Not long after announcing their plans to fire more than 1000 staff into the sun – in a move CEO Tim Sweeney blamed on a downturn in Fortnite’s popularity, some “industry-wide challenges”, and having “taken a lot of bullets in a battle which is only in the early days of paying off for ourselves and all developers” – Epic put shutdown dates on three Fortnite modes. Rocket Racing, Ballistic and the Festival Battle Stage are all set for the chop this year, but even those moves are set to create work for developers, who’ll have to handle the shutterings and make sure various bits of Fortnite linked to the departing modes can live on.
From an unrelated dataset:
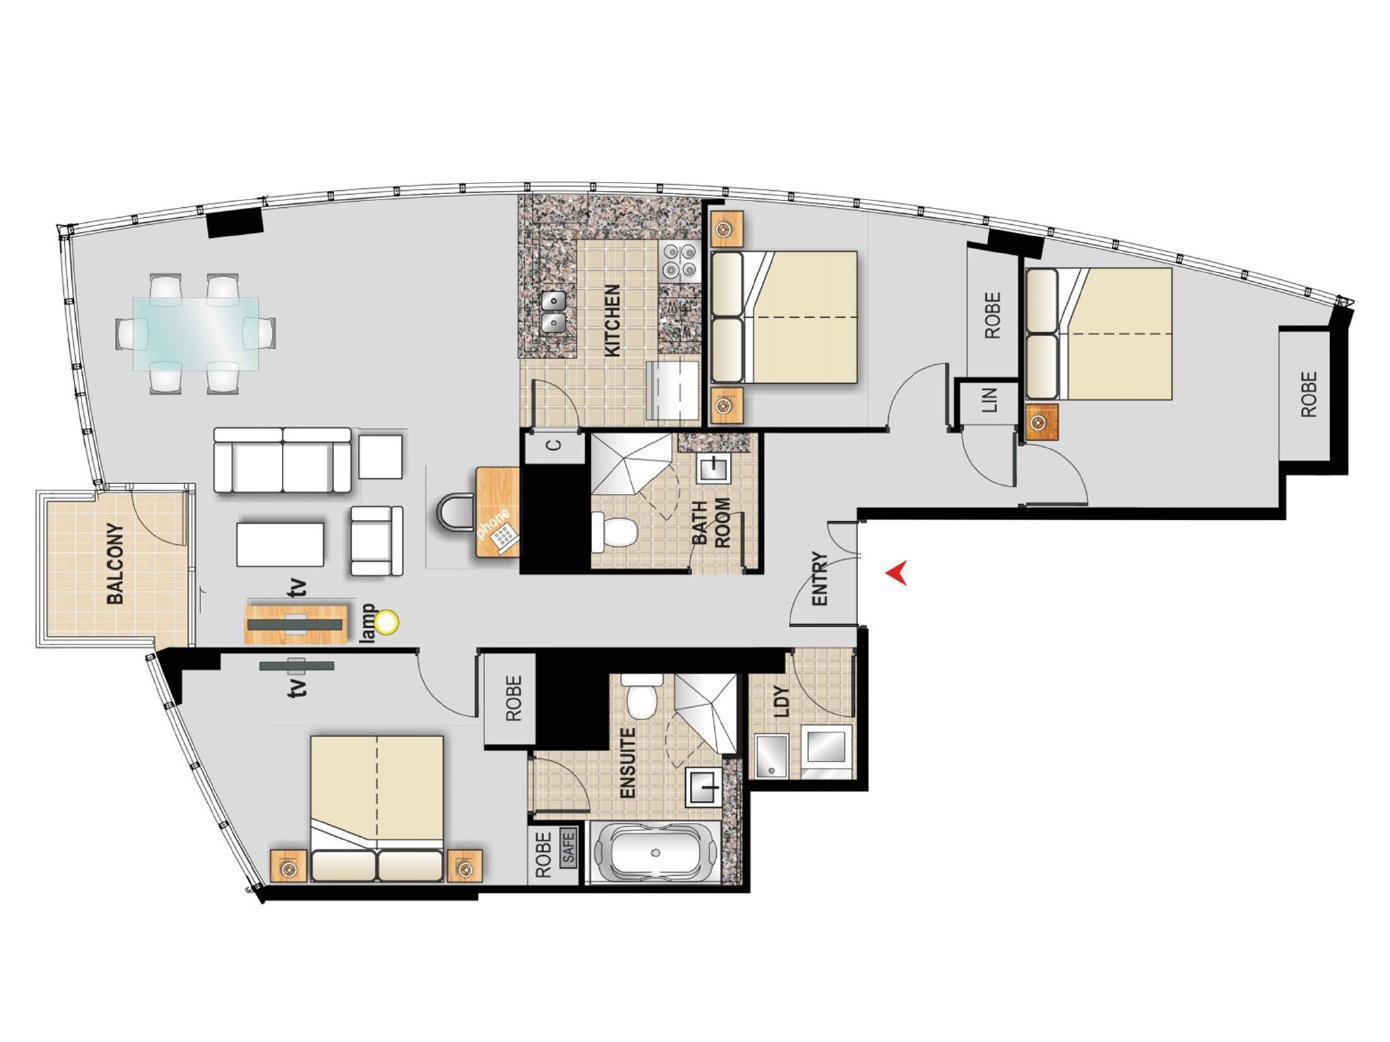 Australia Hotel Accommodation Cheap | Floor Plans

Sweeney and Epic’s execs also won’t be sparing the whip in terms of pushing the remaining teams to create new additions and improve existing elements of the game. “What we now need to do is clear,” declared the CEO in his company-wide layoff letter. “Build awesome Fortnite experiences with fresh seasonal content, gameplay, story, and live events; accelerate developer tools with greater stability and capability as we evolve from Unreal Engine 5 and UEFN to Unreal Engine 6. And we’ll be kicking off the next generation of Epic with huge launch plans towards the end of the year.”

I assume he finished writing that, lazed back on his banana-skinned chaise longue, and signalled for a chug jug of grapes to be tipped into his mouth by a servant who’s required to do the default dance 24 hours a day.